Rfam Taxonomy Repository
The database tree also includes the rfam-taxonomy/ repository, which provides domain-specific Rfam family subsets and clan files.
Important files there include:
- rfam-taxonomy.py
- scripts/rfam_db.py
- domains/all-domains.csv
- domains/bacteria.csv
- domains/eukaryota.csv
- domains/viruses.csv
- matching .clanin files per domain
The bundled README explains that these outputs can be used to:
- create domain-specific CM subsets with cmfetch
- run cmscan with matching --clanin files
- support stricter domain-focused annotation strategies
This is especially useful when you want domain-specific Rfam covariance model subsets rather than the full Rfam.cm file.
SILVA
The silva/ setup includes download of SILVA SSU reference FASTA data. This supports broader rRNA-oriented reference work, even though the current native pipeline primarily uses ribodetector_cpu plus Kraken2 for the non-host rRNA branch.
Helper Scripts Used During Database Preparation and Analysis
The setup around these databases uses several local Python helper scripts that are worth documenting explicitly:
- build_rfam_class_fasta.py
- taxid_to_name.py
- collapse_fastq_to_counted_fasta.py
- sum_collapsed_bowtie_hits.py
- sum_collapsed_trna_by_taxon.py
- sum_collapsed_rfam_by_class_and_taxon.py
- sam_fractional_counts.py
- summarize_human_subtree.py
These scripts are part of the broader project tooling and support both reference preparation and downstream summarization.

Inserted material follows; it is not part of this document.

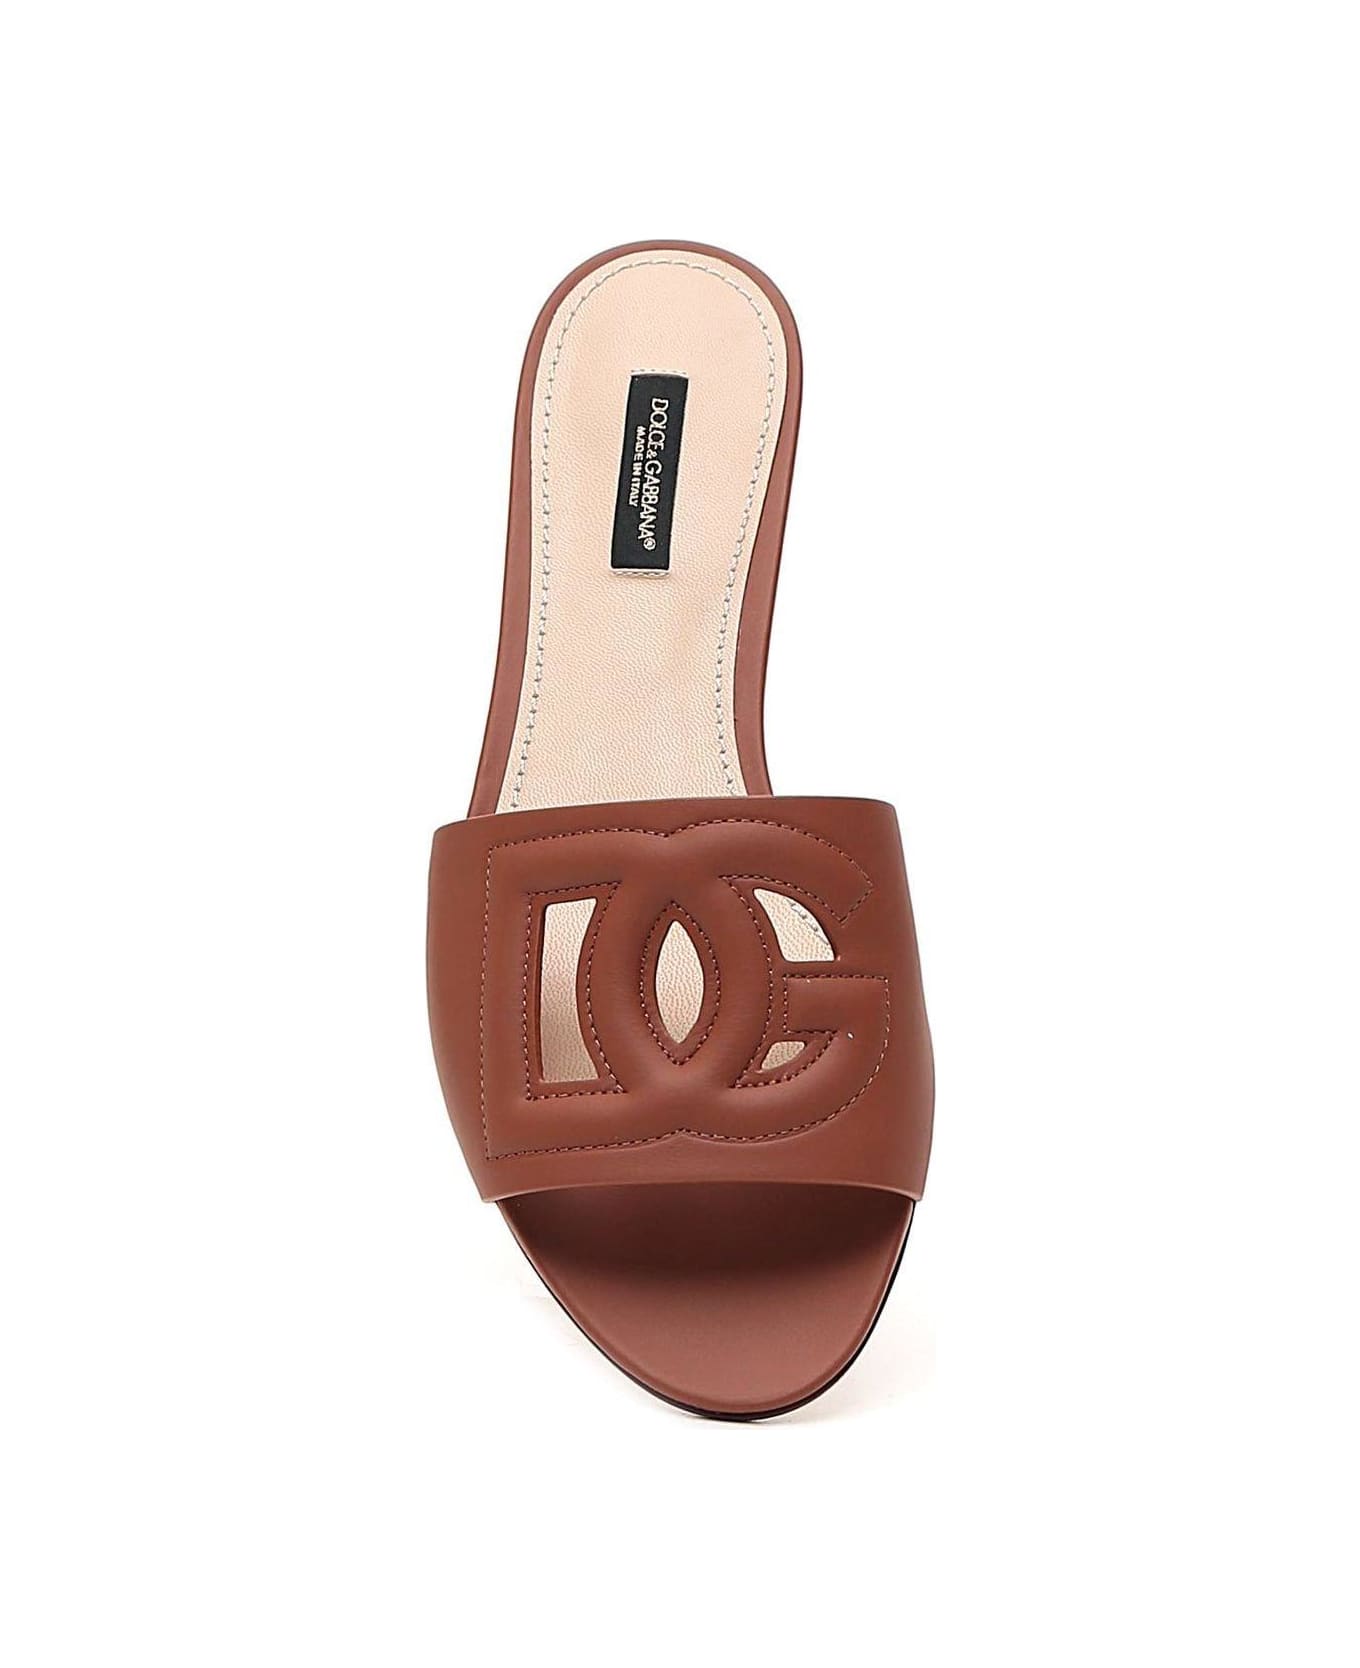 Dolce & Gabbana Logo Cut Out Sandals - Marrone chiaro サンダル

Tools Mentioned in the Database Build Notes
The README files and companion repository indicate use of tools such as:
- wget
- gunzip / zcat
- grep, cut, sort, uniq, awk, sed
- seqkit
- bowtie-build
- cmpress
- cmfetch
- cmscan
- curl
- Python helper scripts
Practical Recommendation for Public Documentation
For public docs, it is best to describe databases by logical role and filename pattern rather than by internal infrastructure paths. A good pattern is to document: - the source database or release family - the derived FASTA or CM artifact names - the indexing tool used - which workflow consumes the result
That keeps the setup reproducible without exposing site-specific storage layout.